From the office of the Govenator:
Governor Arnold Schwarzenegger today released the first report of California’s free digital textbook initiative – which outlines how high school math and science textbooks submitted under the first phase of the initiative measure up against the state’s rigorous academic content standards. Of the 16 free digital textbooks for high school math and science reviewed, ten meet at least 90 percent of California’s standards. Four meet 100 percent of standards, including the CK-12 Foundation’s CK-12 Single Variable Calculus, CK-12 Trigonometry, CK-12 Chemistry and Dr.

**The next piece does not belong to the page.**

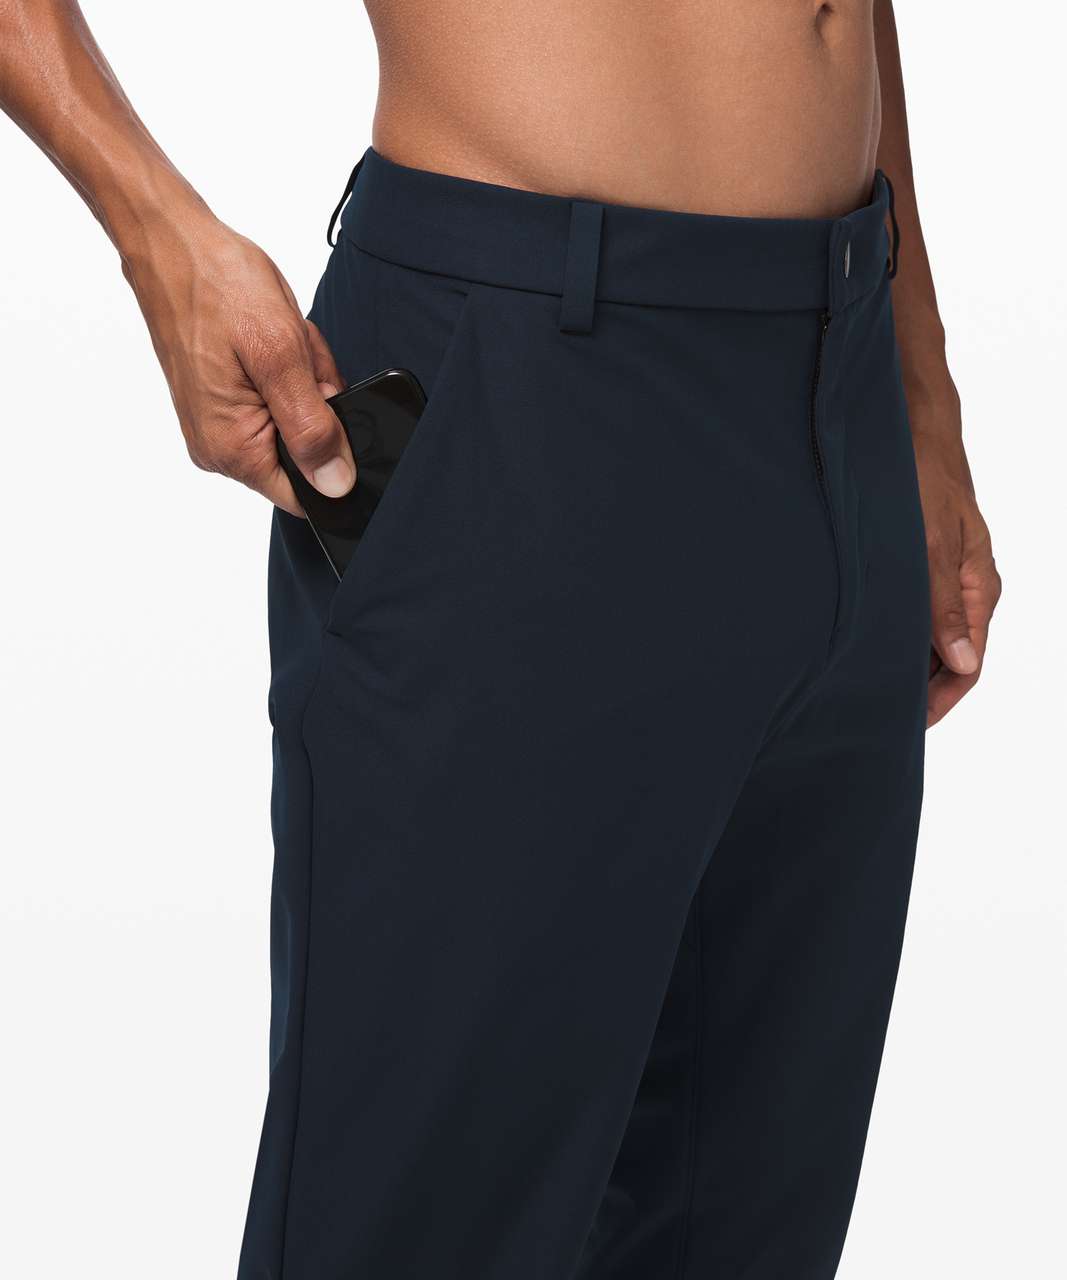 Lululemon Commission Pant Classic *Warpstreme 34" - True Navy (First Release)

H. Jerome Keisler’s Elementary Calculus: An Infinitesimal Approach.
You can find the whole story here
And CK-12 had the books ready for download at their site, where they call their concept of the openbook learning experience a “flexbook.” Flexbooks are books that can be compiled via the open source content the company has available. It’s an interesting concept, and one that has some serious potential.
I can remember the lawsuits that froze the use of the professor-compiled, spiral-bound anthologies (of such bad quality they often started to come apart after a week of class), only to have them reappear a semester later, after the suits were settled, at prices that could have put even the lawyers that argued the cases in serious debt, let alone poor college students. And that same pricing was applied to compiled e-textbooks at their inception. It’s one of the central reasons why those books have not been adopted.
In fact, I recently spoke to a representative for a major publisher who was baffled by the fact that no one adopts their “resource rich” electronic books. It’s simple. Piling resources onto a book that is already overpriced (because the copyright fees for each of its anthology selections has sent its costs soaring) to a degree that no one can afford it won’t entice broke college students to get their credit cards out. Nor will it encourage professors, most of whom think in part about the cost they are passing on to their students, to adopt these books. To make matters worse, some of these books contain work that is in the public domain (i.e. free).
With all the digital “custom textbooks” and “services” and “course packs” and whatever else is being added, it is nice to see a non-profit providing an open source option for state schools. I haven’t looked closely at the content, but if it’s current and high quality, open source flexbooks should be widely adopted.